**Data shown**:
━━━━━━━━━━━━━━━━━━━━

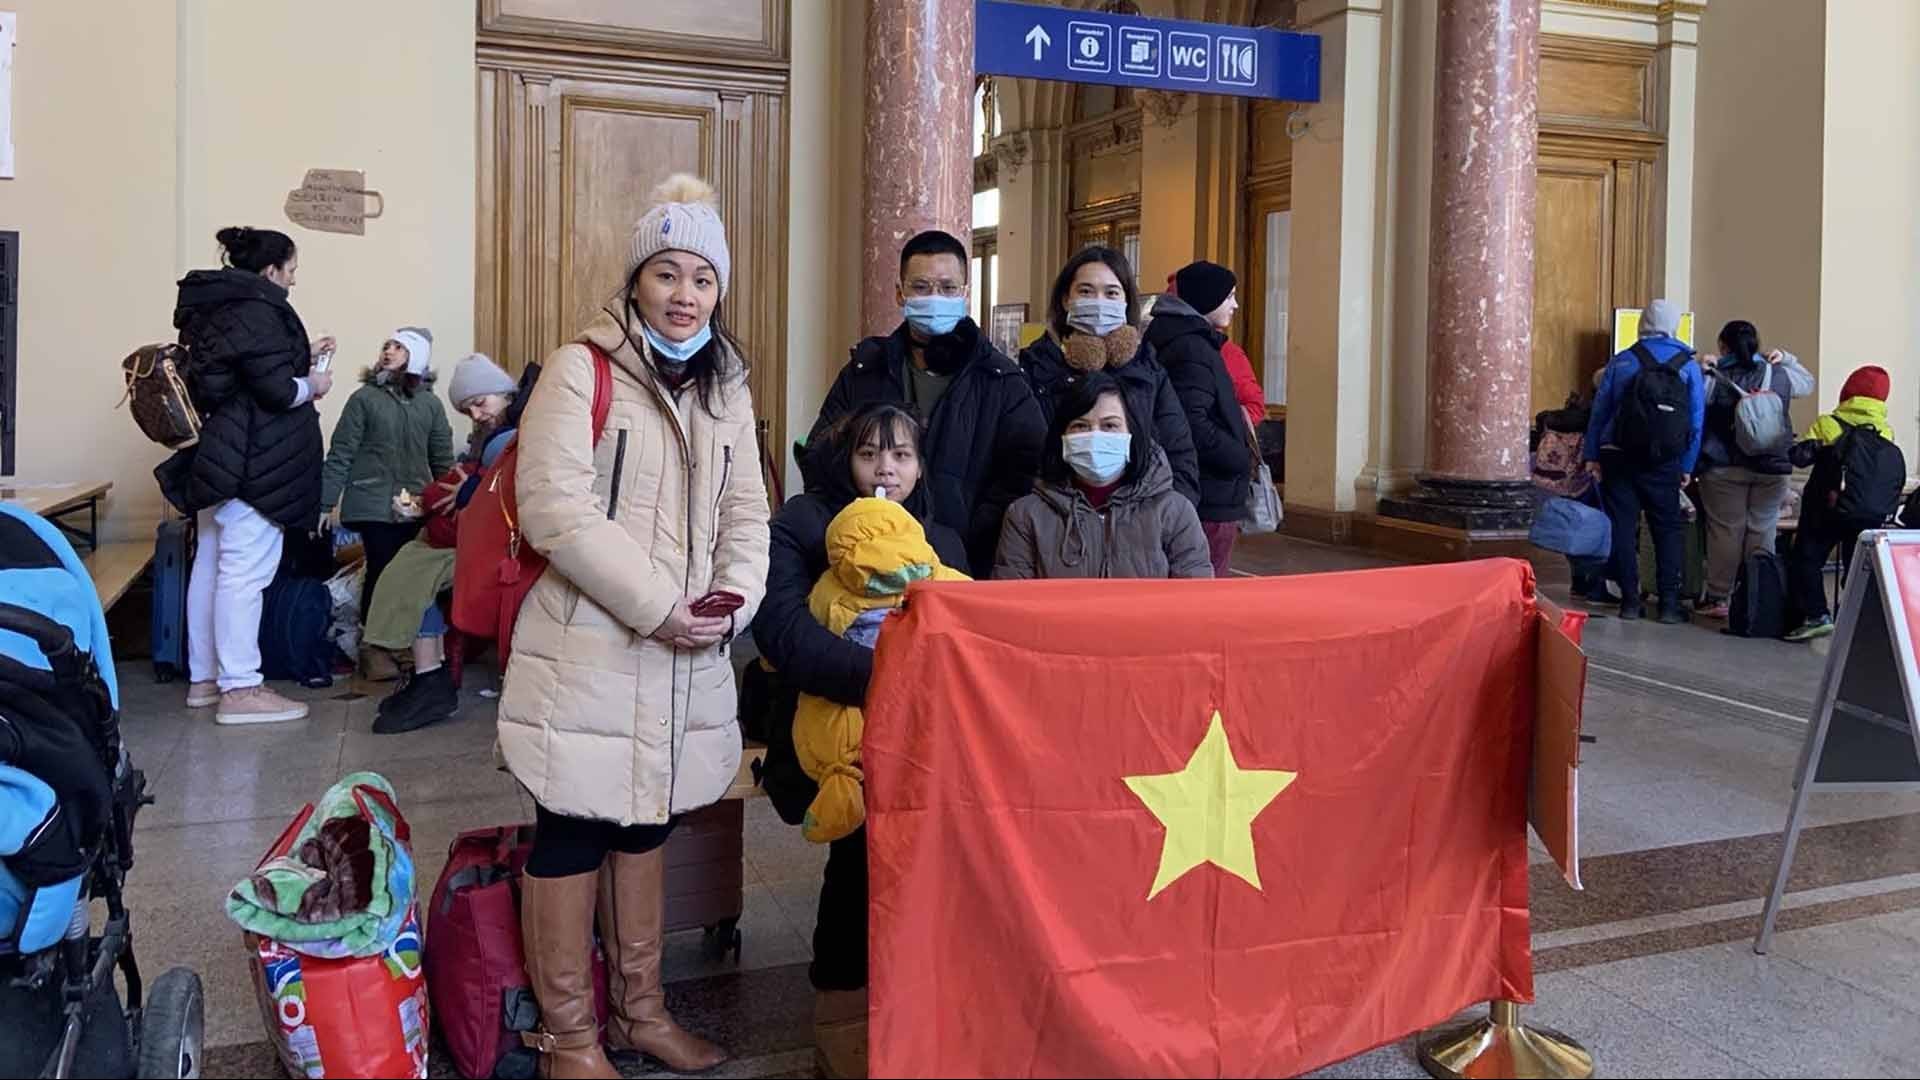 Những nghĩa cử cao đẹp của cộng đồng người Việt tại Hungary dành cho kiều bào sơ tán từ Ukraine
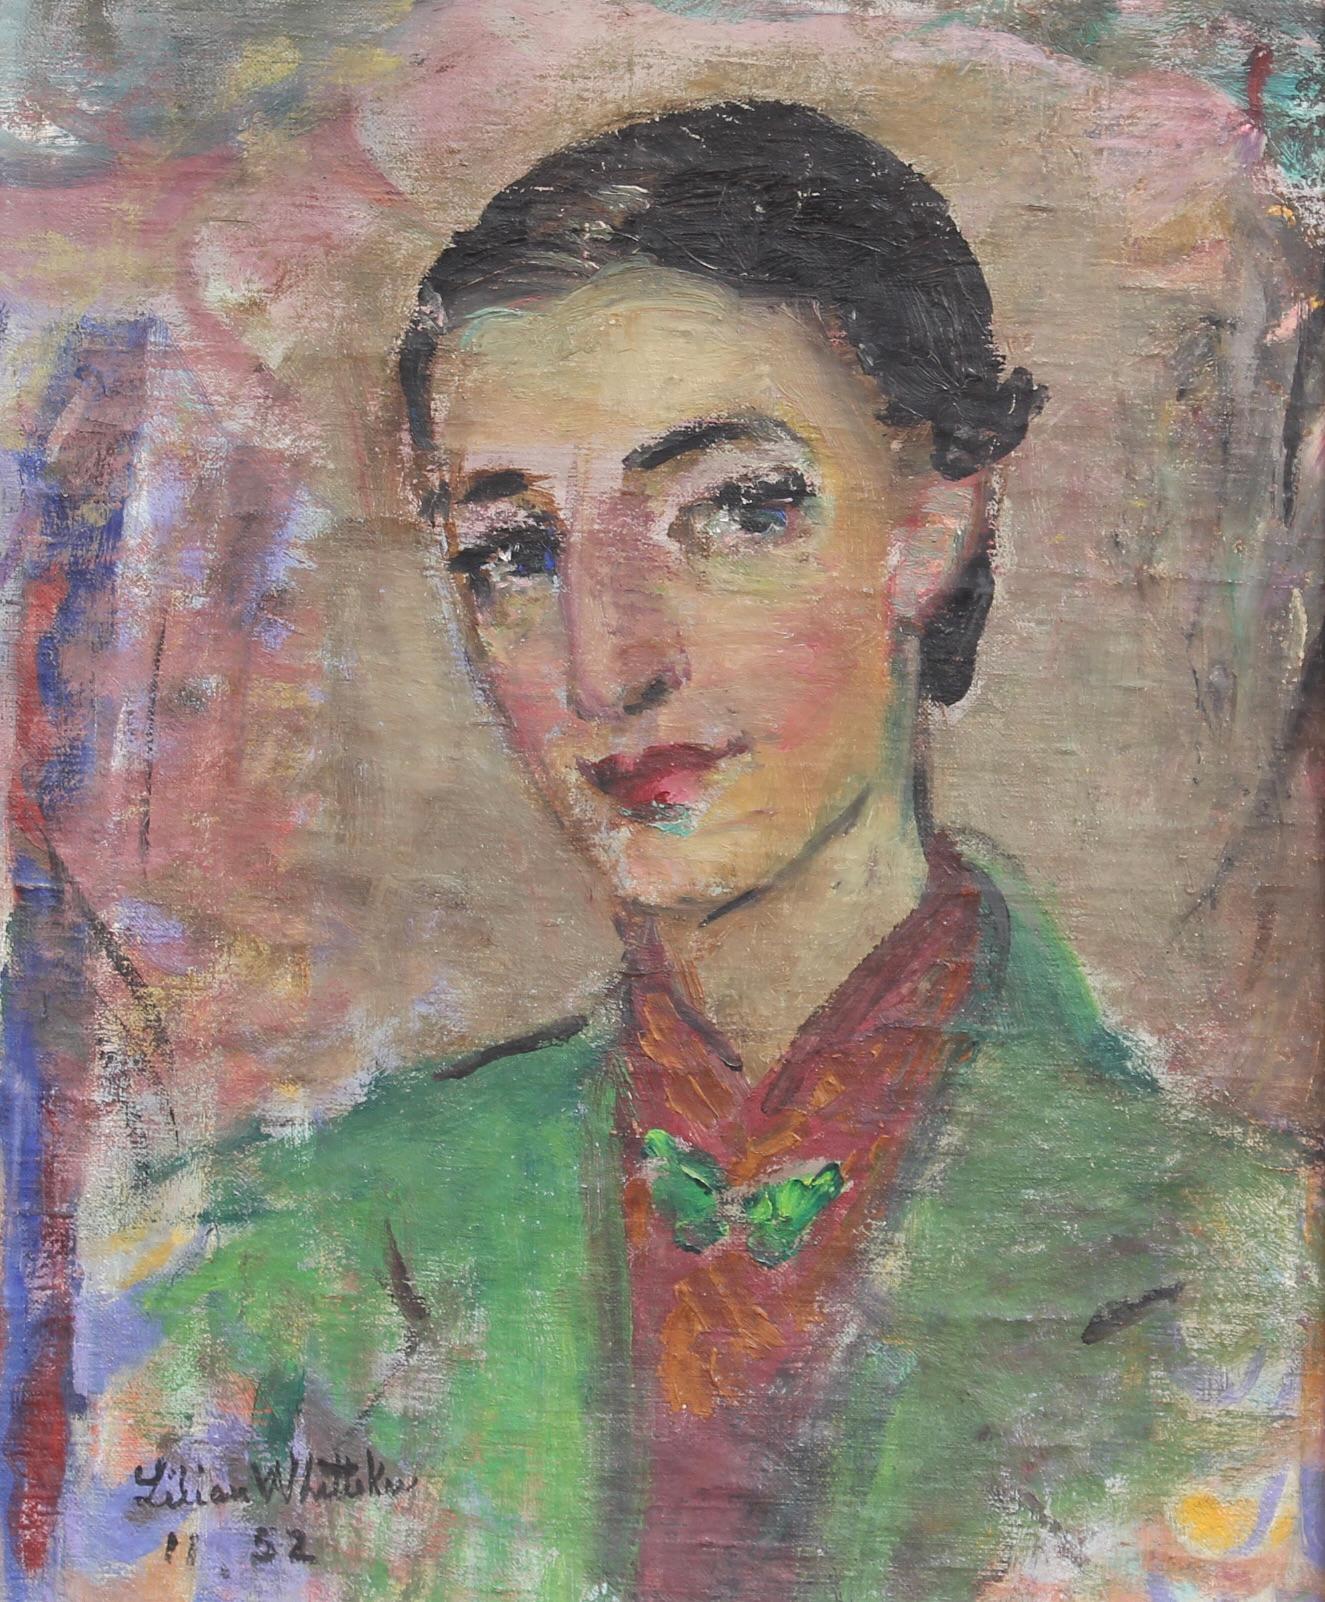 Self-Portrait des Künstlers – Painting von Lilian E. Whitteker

━━━━━━━━━━━━━━━━━━━━

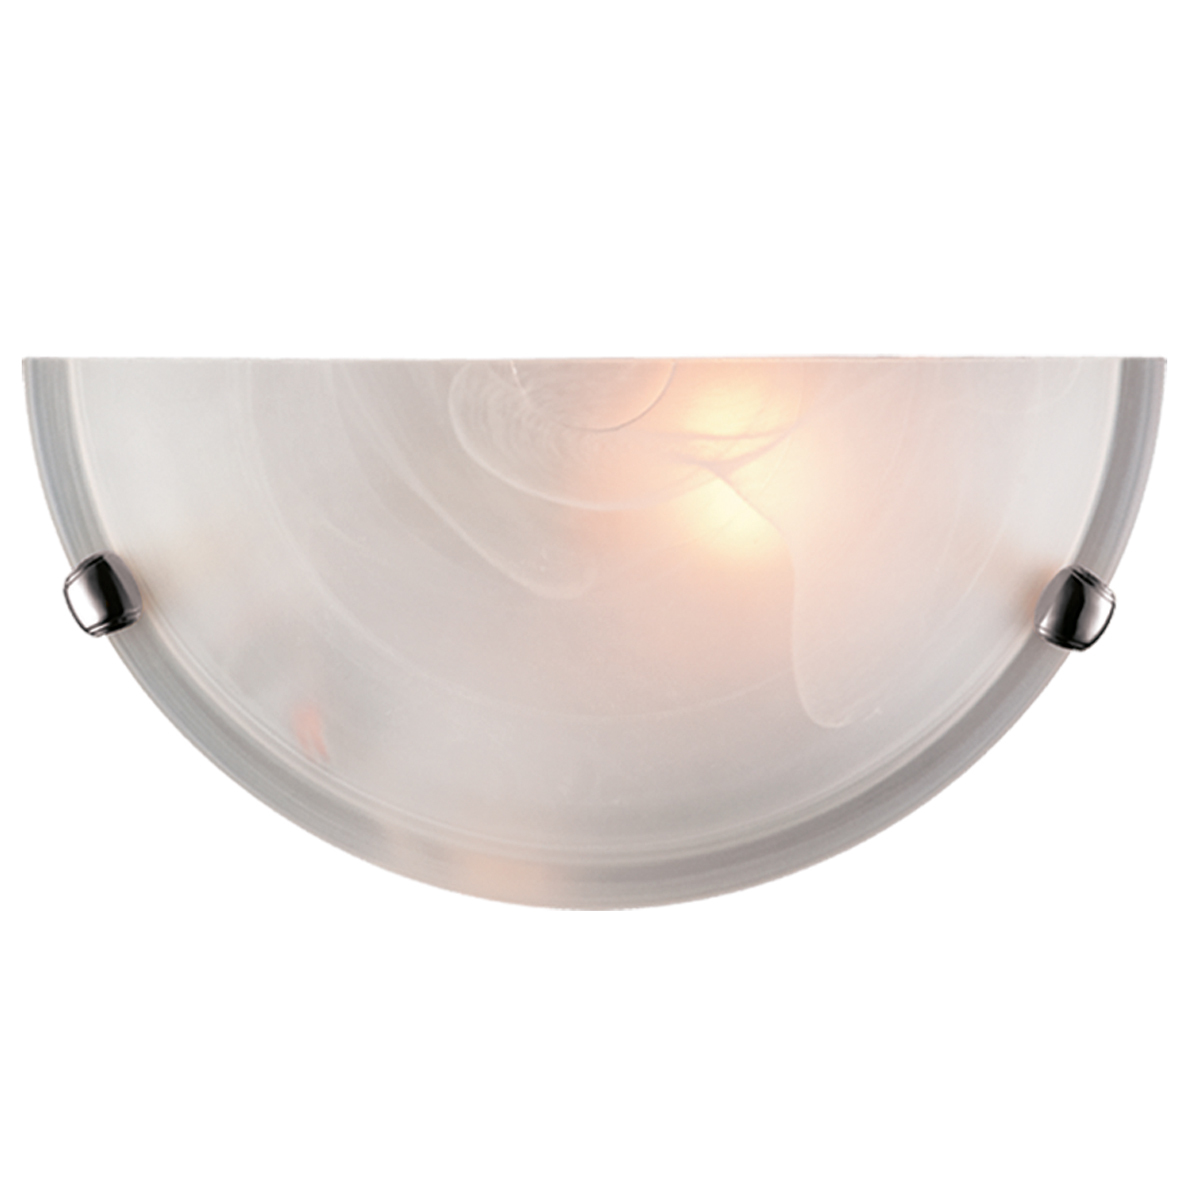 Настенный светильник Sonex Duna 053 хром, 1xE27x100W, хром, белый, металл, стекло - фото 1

━━━━━━━━━━━━━━━━━━━━

**What the task requires**: Using the records above, print exactly the run of lines that starts with the line with "Những nghĩa cử" and goes on through the line with "Self-Portrait des Künstlers", pictures excluded.

**Your solution**:
 Những nghĩa cử cao đẹp của cộng đồng người Việt tại Hungary dành cho kiều bào sơ tán từ Ukraine
 Self-Portrait des Künstlers – Painting von Lilian E. Whitteker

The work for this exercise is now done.